REPUBLIKA.CO.ID, JAKARTA— Anggota Komisi III DPR Fraksi PDI Perjuangan DR I Wayan Sudirta, SH, MH angkat bicara terkait dengan pengabulan permohonan Praperadilan yang diajukan Pegi Setiawan (PS), tersangka pembunuhan Vina dan Eky di Cirebon.
Menurut Wayan Sudirta, putusan Praperadilan ini tentu selanjutnya berimplikasi pada beberapa hal yang terkait dengan pengungkapan kasus Vina dan Eky ini serta mengindikasikan pada beberapa pandangan analitis terkait dengan sistem penegakan hukum.

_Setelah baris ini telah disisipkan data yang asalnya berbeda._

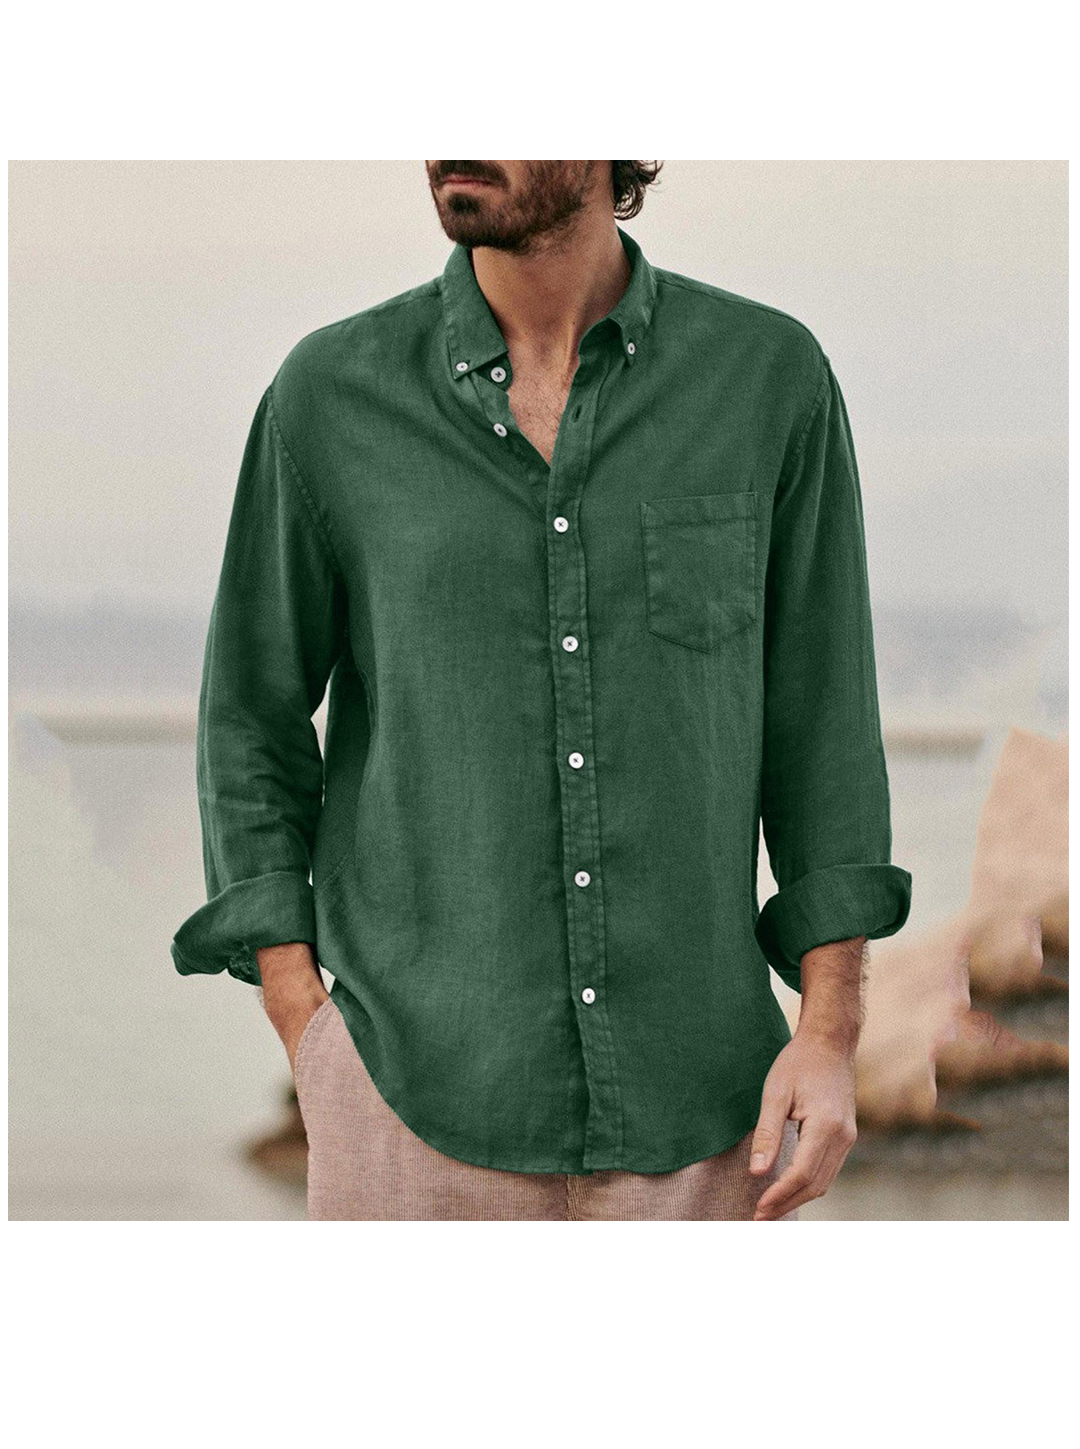 Men's Richard Solid Color Faxu Cotton Linen Shirt-poisonstreetwear.com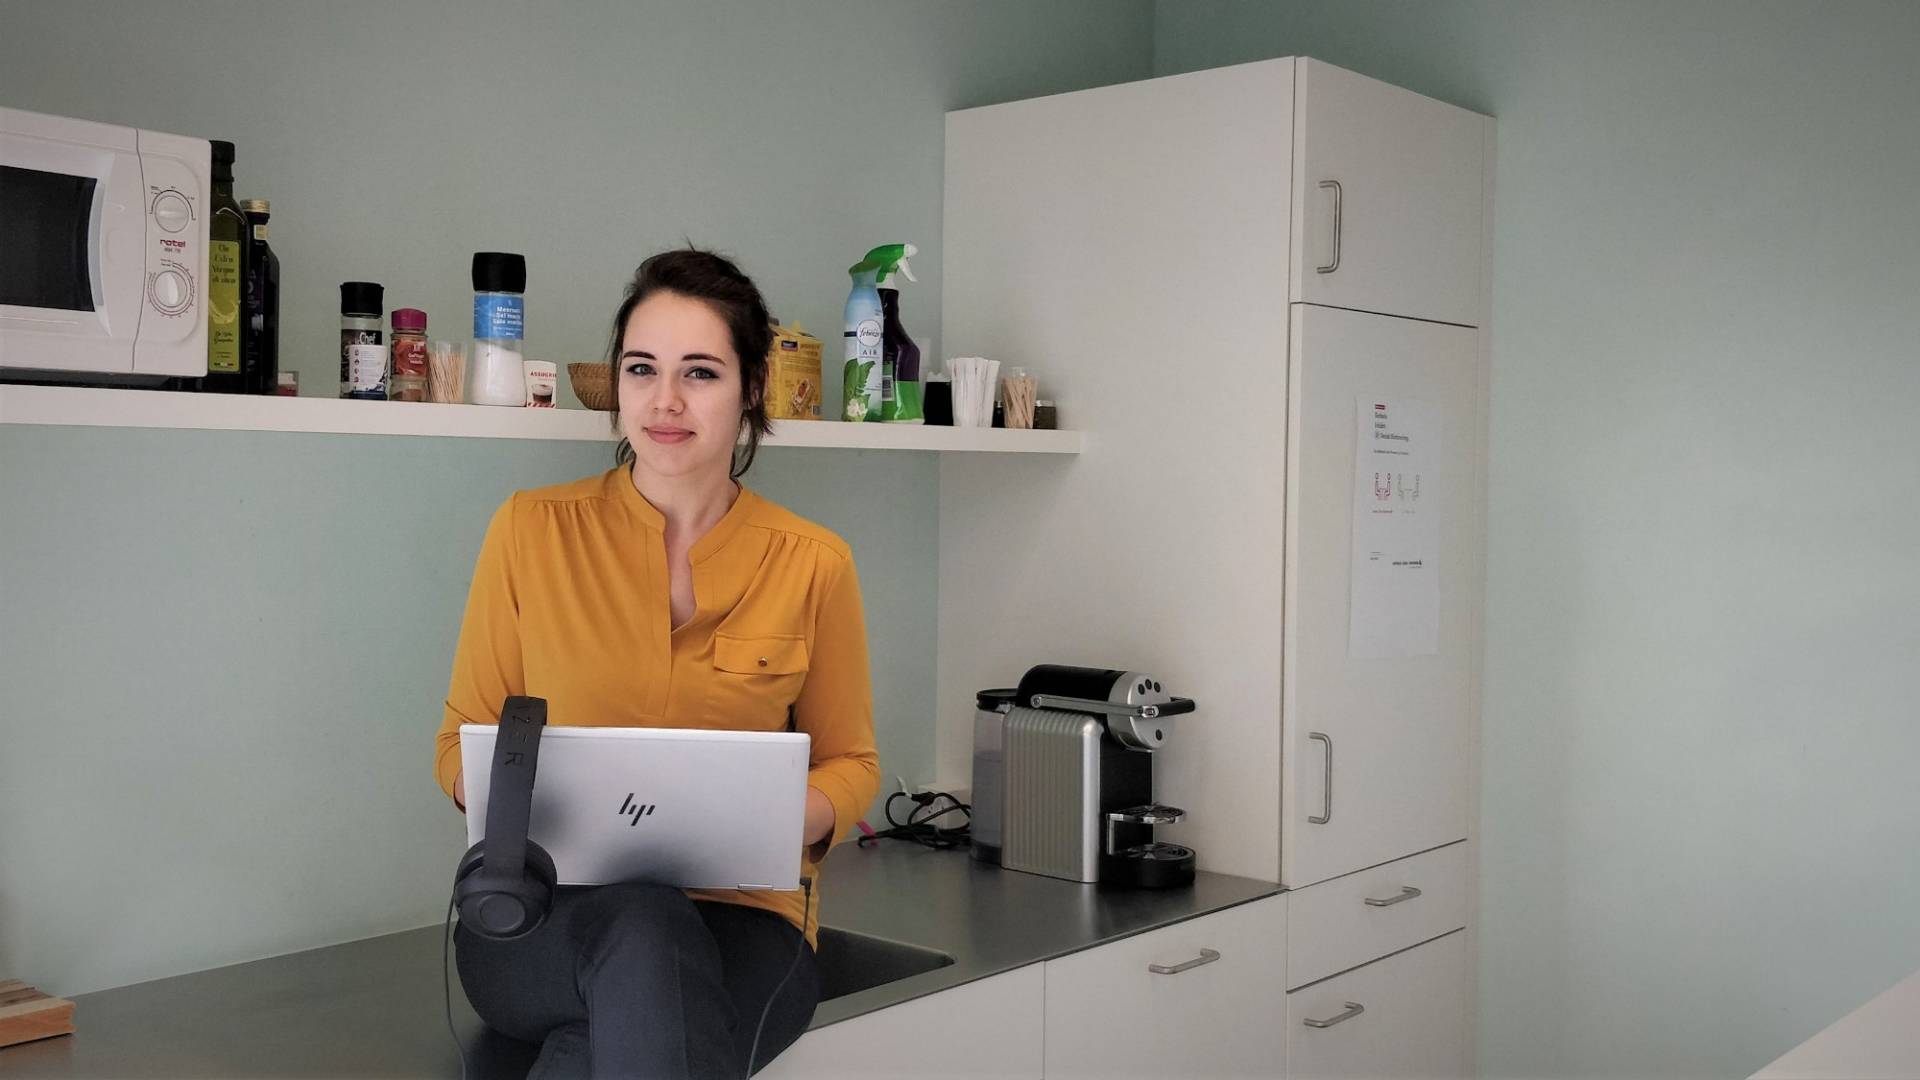 Caroline Stalder is sitting in the kitchen at her laptop.

Pertama, terkait dengan kredibilitas penegakan hukum yang dilakukan oleh Polda Jabar. Dalam hal ini, penetapan tersangka yang dievaluasi berdasarkan Kitab Undang-Undang Hukum Acara Pidana (KUHAP) dapat dipertanyakan.
“Kita tentu dapat melihat bahwa putusan ini merupakan hal yang wajar, namun juga dapat mempertanyakan akuntabilitas proses penegakan hukum yang dilakukan oleh Penyidik Polda Jabar,” ujar Wayan Sudirta.
Kedua, masyarakat kini tengah mempertanyakan lebih lanjut mengenai beberapa alat bukti yang digunakan oleh Polda Jabar dalam menetapkan status tersangka pada Pegi Setiawan yang selalu mengaku tidak kenal dan bukan pembunuhnya.
Selain saksi, Polda menggunakan keterangan dan bukti bahwa Pegi mengganti identitas dan kabur dengan mengontrak sebuah rumah di Bandung.
“Dalam hal ini, masyarakat kemudian mempertanyakan kebenaran dari alat bukti yang digunakan oleh Polda Jabar dalam mengidentifikasi pelaku,” ujar Wayan Sudirta.
Ketiga, dalam keterangan dan sumber informasi yang didapat, salah satu alat bukti yang dipergunakan oleh Penyidik Polda Jabar merupakan hasil dari kesaksian salah seorang pelaku yang menjadi saksi kunci (Aep).
Jikalau penetapan ini salah, hal ini tentu berdampak secara hukum terhadap kesaksiannya. Publik kemudian bertanya juga apakah kesaksian Aep tersebut dapat dipertanyakan akuntabilitasnya, apakah memang sebuah kecerobohan atau juga terdapat unsur rekayasa atau paksaan dengan pengaruh dari pihak lain.
Keempat, kasus ini cukup unik, mengingat Pegi Setiawan merupakan terduga pelaku utama atau aktor utama (mastermind) dalam kasus pembunuhan ini.
Namun dengan adanya putusan tersebut, maka publik dapat mempertanyakan bagaimana proses penegakan hukum dan kesaksian dari kedelapan tersangka tersebut dapat dinyatakan valid atau sah, sedangkan kesaksian terhadap pelaku utama saja salah.
Kelima, perlu dalam hal ini, para penyidik Polda Jabar untuk mengkaji dan mendalami hasil putusan praperadilan tersebut lebih jauh tentang isi dan implikasi hukum.
Selain dari pemenuhan hak para tersangka yang menjadi pemohon praperadilan, apa saja langkah hukum yang harus atau perlu dilakukan dalam rangka membuktikan para pelaku kejahatan khususnya pelaku utamanya.
“Artinya, evaluasi terhadap tahapan dan proses yang dilakukan berdasarkan KUHAP atau SOP, akuntabilitas dan profesionalitasnya, serta apa yang kemudian menjadi tindak lanjut dari putusan tersebut,” ujar Wayan Sudirta.